Repeated Screening for AAA after Negative Results on Ultrasonography

We identified 4 cohort studies of periodic repeated screening for AAA following negative results on ultrasonography. As part of a population screening program in Gloucestershire, United Kingdom, all men were offered ultrasonography at age 65 years.⁴⁰ A cohort of 223 men 65 years of age with no AAAs on initial ultrasonography had repeated ultrasonography at 5 and 12 years. Eight men were lost to followup, and 86 men died of causes unrelated to AAAs. None of the remaining 129 men experienced a clinically significant increase in aortic diameter over 12 years. Chichester study investigators prospectively followed 1011 men with aortic diameters less than 3.0 cm on initial screening at age 65 years.⁸ Over 10 years of followup, the incident rate for new AAAs was 4%. None of the new AAAs exceeded 4.0 cm in diameter. Since rupture is rare in AAAs less than 4.0 cm, and since the men in the cohort were in their mid- to late 70s at the time of followup, such aneurysms would probably not become clinically significant in their lifetimes. Another study from the United Kingdom⁴¹ and the Veterans Affairs Aneurysm Detection and Management (ADAM) study⁴² reported similar findings over shorter time periods.

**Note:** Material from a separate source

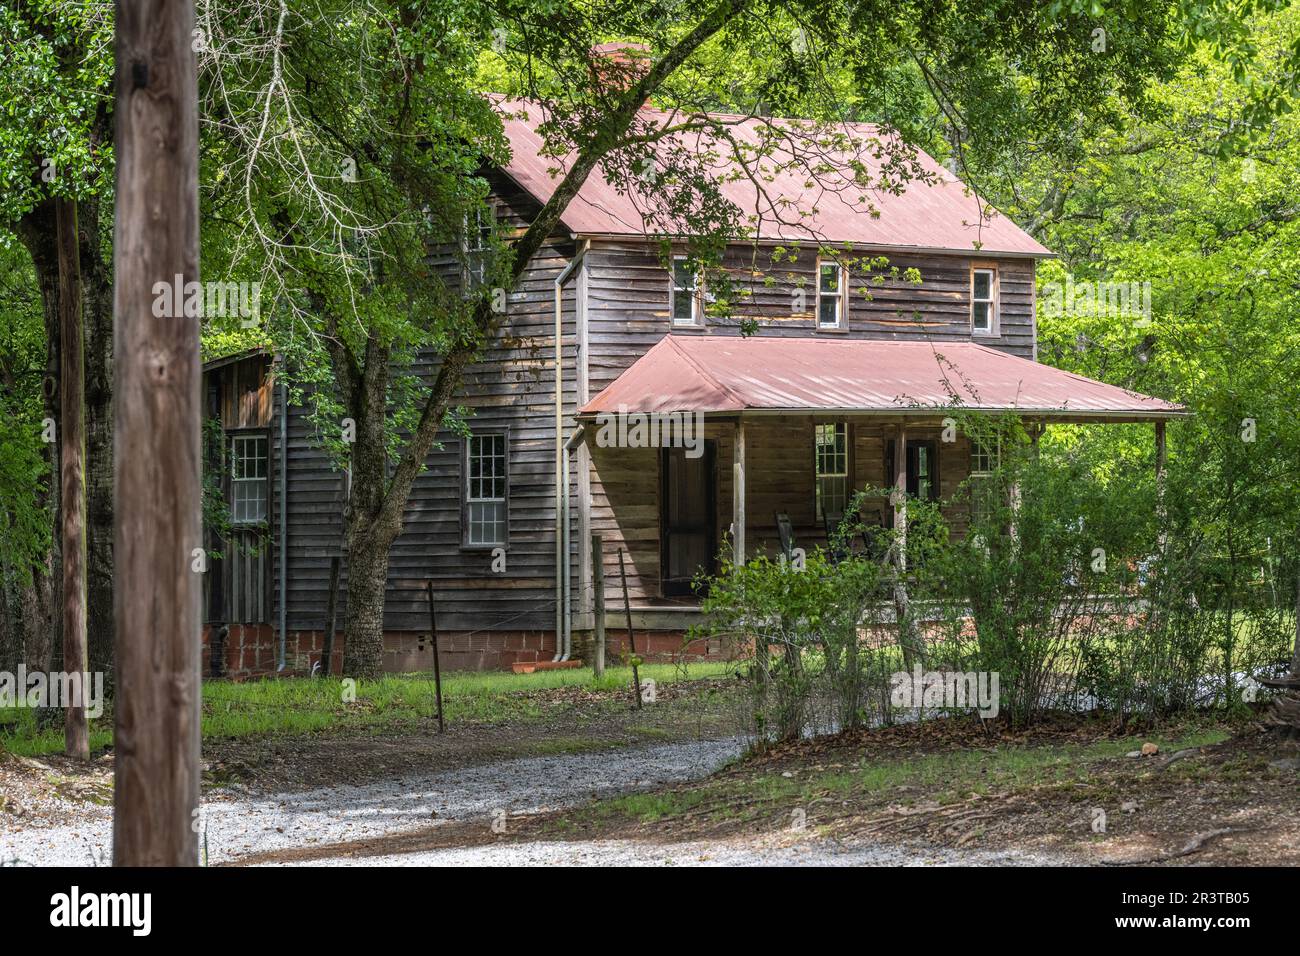 The mid-19th century historic Hill House, a tenant farmhouse, at  Andalusia Farm, the home of writer Flannery O'Connor (1925-1964.) (USA) Stock Photo
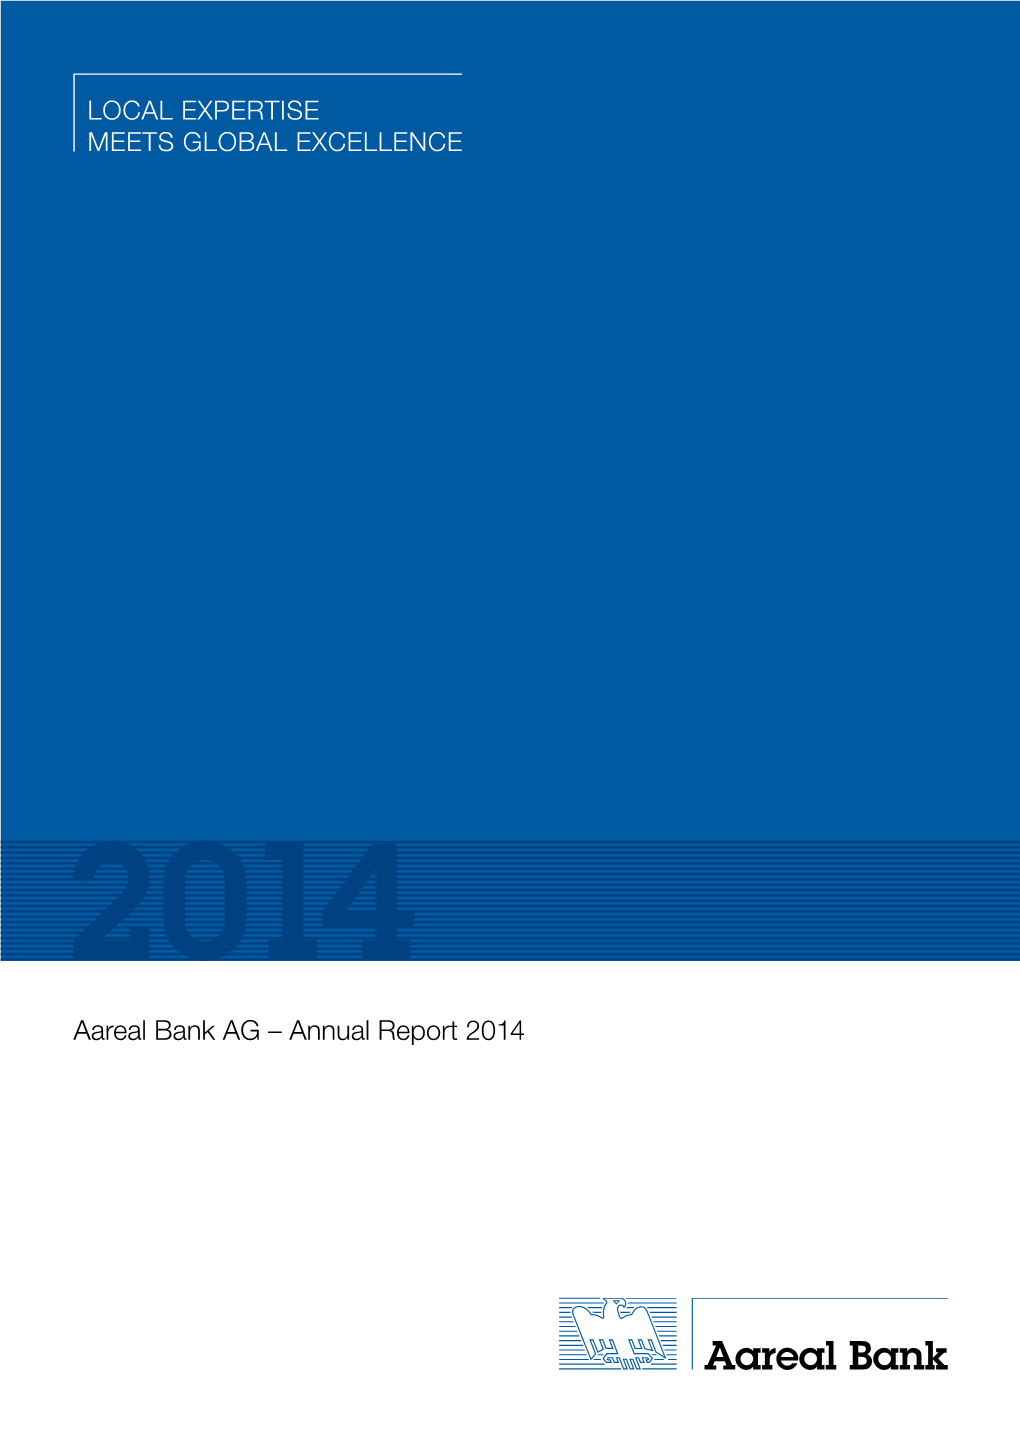 Annual Report 2014 Aareal Bank AG – Annual Report 2014 | Management Report 2

Harms Associated with AAA Screening

No physical harms are known to arise from the use of ultrasonography in adults.²⁷ On the basis of surveys conducted by MASS trial investigators.²², invited participants with positive ultrasonography results initially had slightly more anxiety, lower Short Form-36 mental and physical health scores, and lower self-rated health status than did those with negative results. These differences, however, were no longer apparent after 6 weeks, and all results fell within population norms. On the basis of surveys from the Viborg County trial²¹, participants with AAAs 3.0 cm or greater showed small but significant decreases in 1-month survey measures of general health perception and self-estimated quality of life compared with noninvited controls. Another study examined psychological outcomes in 100 men with normal aortas and 61 men with AAAs participating in an aneurysm-screening program in Gloucestershire, United Kingdom.⁴³ No differences were found in general health measures or anxiety levels between men with normal aortas and those with aneurysms before or after screening.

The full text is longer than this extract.